Aquí empieza la batalla:

Voy a encontrar a mi tío que trabajaba en un gavinete de abogados y me presenta una abogada, y al presentarmela me cito con ella en el bufet por la tarde, y le digo:
- Aquí te traigo la batalla, vengo a hacer una denuncia contra los monarcas, y me dijo ella que no era normal ir contra la monarquía y no me la podía hacer la denuncia. Yo la asoborné que si no me lo hacia la mataba, al cabo de dos días hiba a llamar por la tarde y antes de ir por la tarde se presentó mi tio que estaba loco y la abogada estaba con depresiones y luego ya dejé muerto la batalla de los abogados con las presiones de la família.
Entre yo mismo me dije:
- Me voy a tirar al monte con las cabras, me voy a las set casas (*) a rezar ante Diós y le dije que tantos mandamientos al ser humano es un follón y cojimos dos piedras y que me escuchara Dios que yo queria 4 mandamientos, y eso cuatro eran:
- No matarás
- No robarás
- Amarás
Y el cuarto moriréis o vivriréis como escuché a Diós.
A ir con el Diego el corbatín me hizo doler ya el corazón que se lo tomaba todo a cachondeo. Luego llego a casa por la noche y me acuesto y a la mañana siguiente vino el hermano que yo había dejado las puertas abiertas, y yo no le dije nada, que eso fue un milafro, Luego al cabo de unos días me pongo a rezar el San Antonio que está en el establo pidiendo a los Santos y a Diós que me apoyaran que nunca les defraudaría. Mi hermano lo vé y coje una botella de vidrio y le pega un botellazo en el Santo que es de porcelana y salió una yama de fuego y no lo rompió.
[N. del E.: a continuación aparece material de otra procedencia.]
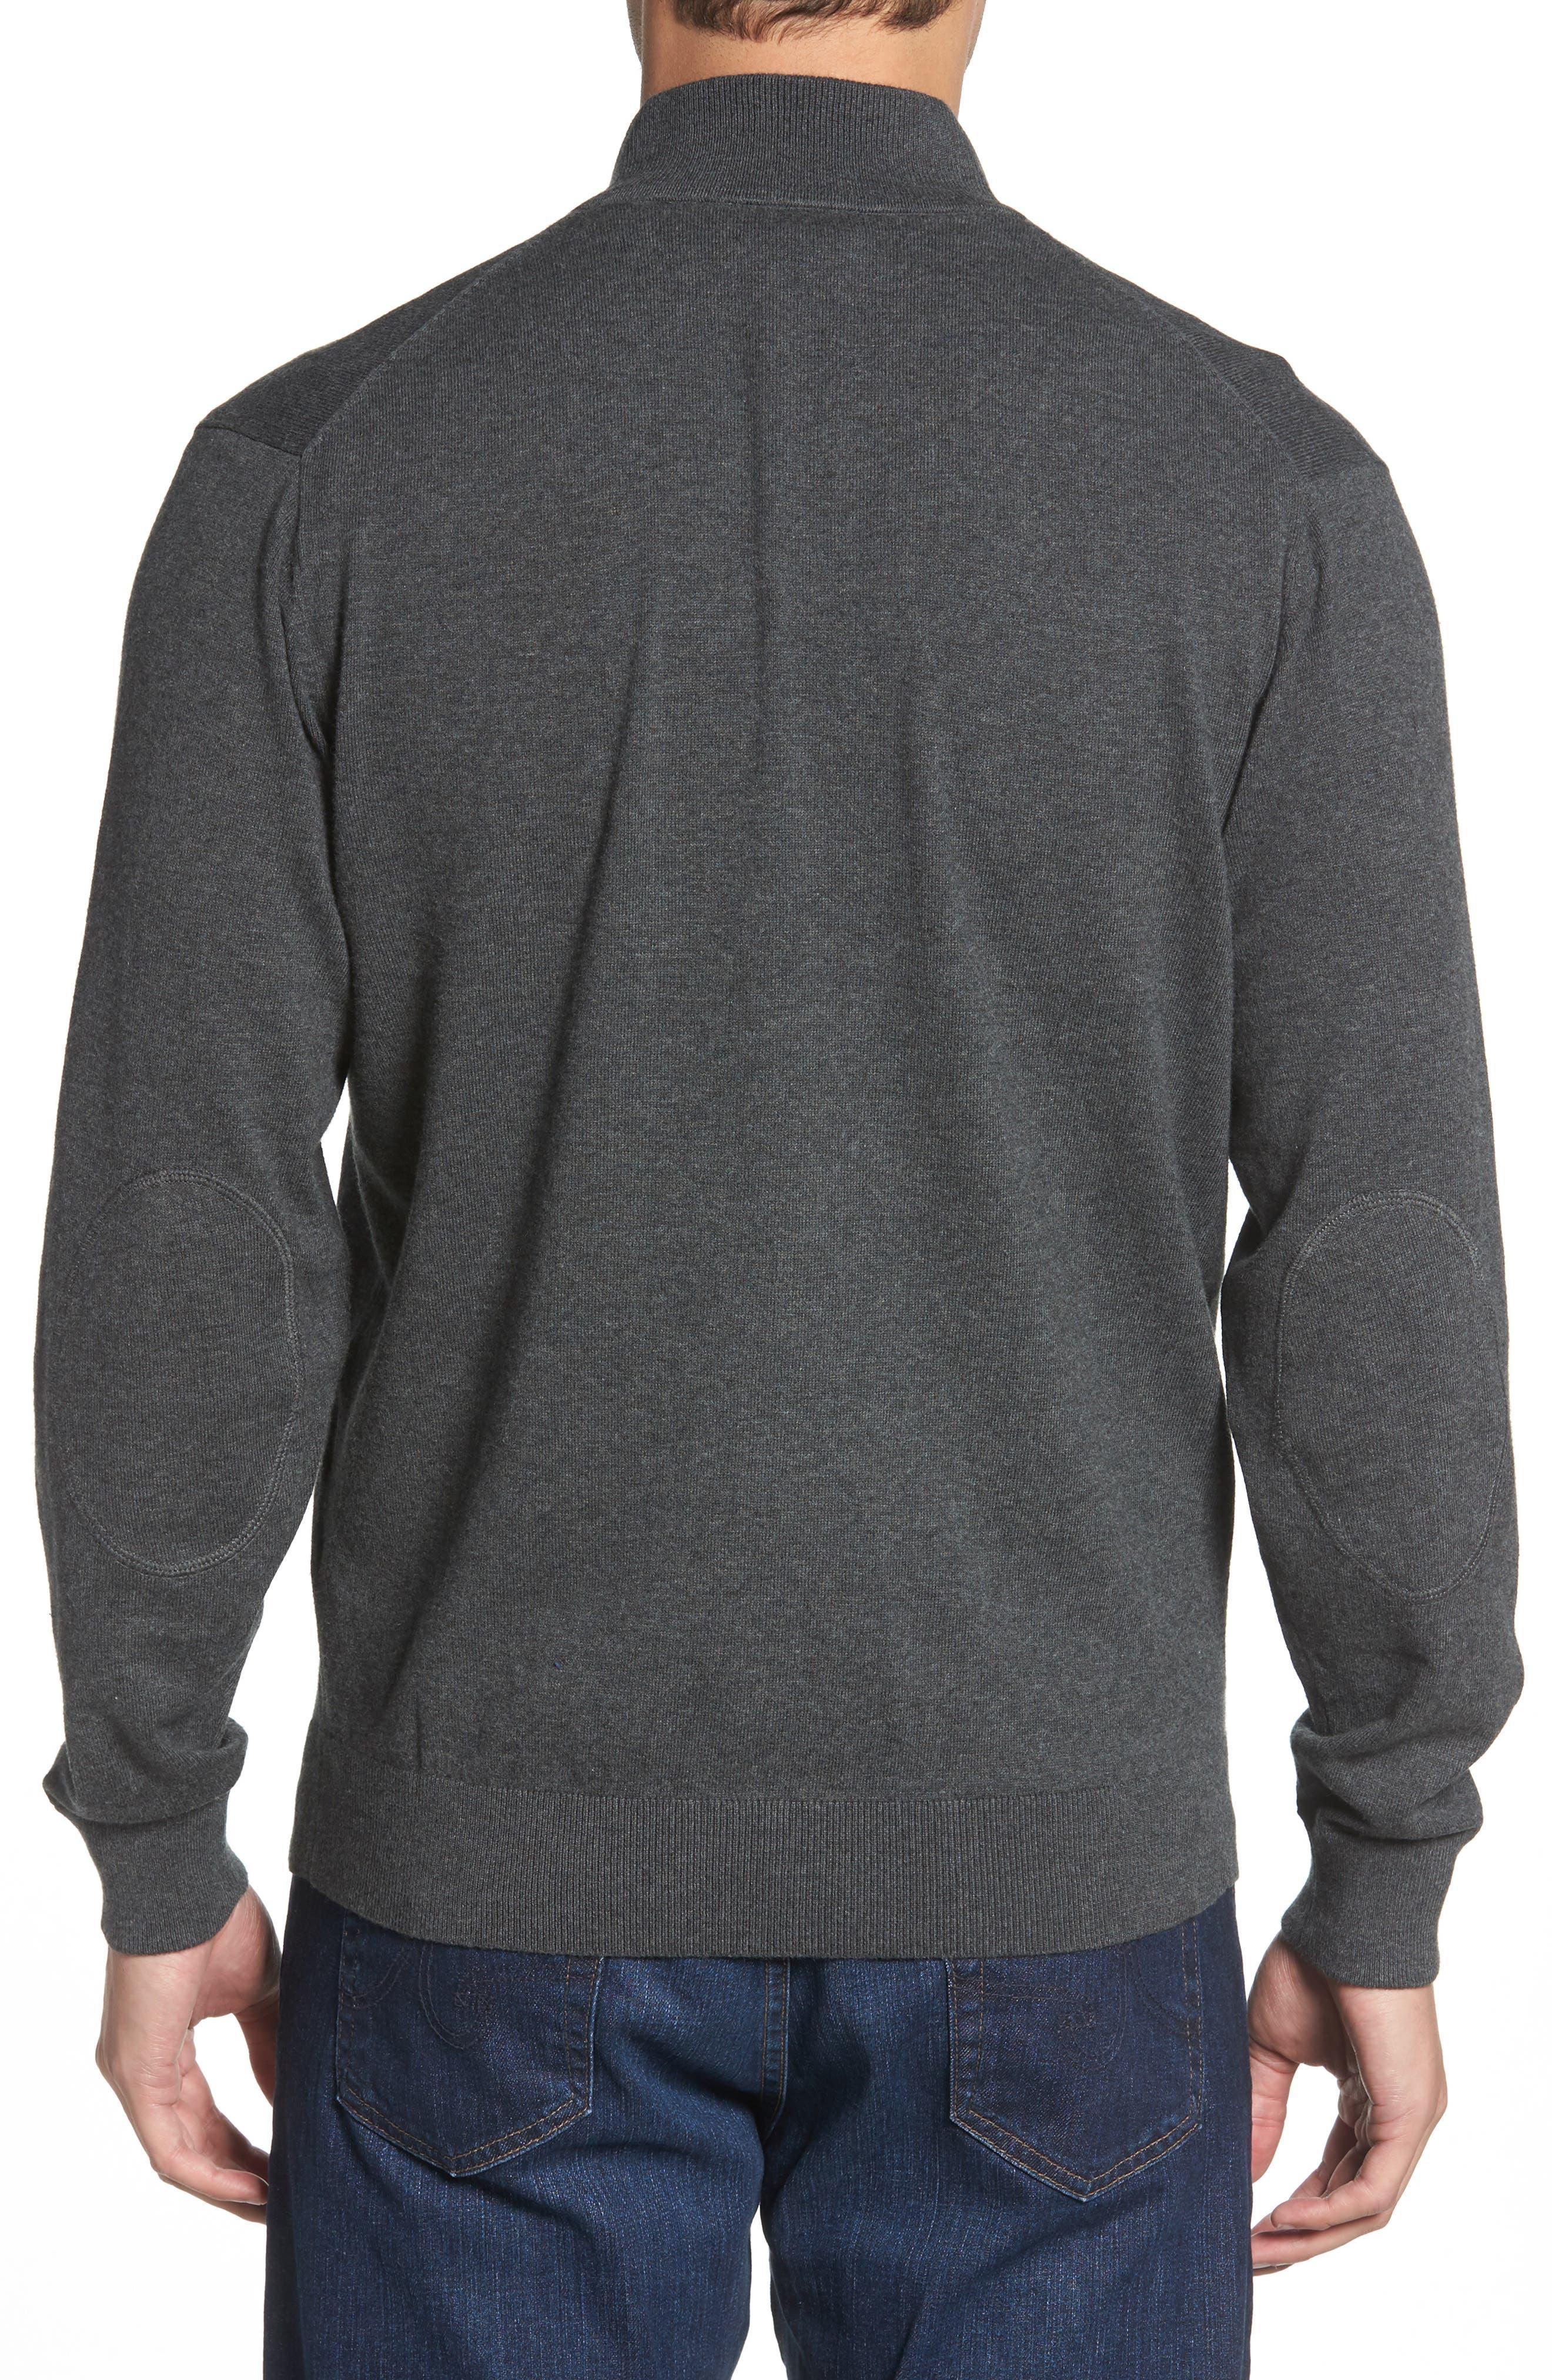 Seattle Seahawks - Lakemont Regular Fit Quarter Zip Sweater,                             Alternate thumbnail 2, color,                             CHARCOAL HEATHER

Me voy a Burgos a ver la estatua de Cid Campeador y le prometía que llegaria al final hasta la muerte y luego me voy a la Catedral de Burgos con la capa de mi primo y la llave del huerto de mi padre y con el pecado mortal que uno de los hermanos cometió.
Me presento dentro de la Catedral y veo un bisba (**) y le digo:
- Hijo de la gran PUTA te traigo la llave de la justicia de la injusticia hijos de puta que estáis con los órganos, las drogas y hambre del ser humano y aquí tienes un espejo pequeño donde le hice una cruz que desaparecia la cruz y le dije:
- Por más que limpie el vidrio del espejo siempre estará esta cruz en la catedral donde si Diós quiere coronaré con el mejor diamante que haya existido jamás a la reina del mundo, y me fuí a paso ligero y al salir de la puerta me encuentro un cura y le digo:
- He dejado la llave de la justicia, de la injusticia, de la justicia si Diós quiere.
Y me voi corriendo en el otro lado de la ciudad para que no me reconocieran.
Salgo pitando con el coche y al distanciarme de Burgos veo los pájaros que me empujavan al coche para que no me cojieran, hiba por 220 km/h. Y al llegar en casa pues me embían a un valdeario de La Garriga y me voy por la tarde a las montañas a rezar con las vacas, y por la noche me viene mi hermano y unos amigos i del valdeario al maricomio de Santa Coloma.
Transcurrido unos días viene mi hermano al maricomio y me dice a ver lo que he liado a La Garriga que las vacas estaban en el pueblo, que las abuelas decian que había venido un Santo. A cabo de unos días se me lleban a una granja el Lluís Cardús donde me estaba curando de la droga y no pude resistir más de Diós de todo y me tiré de lo más alto de la masía y no me hice nada, excepto un resguño en la nariz.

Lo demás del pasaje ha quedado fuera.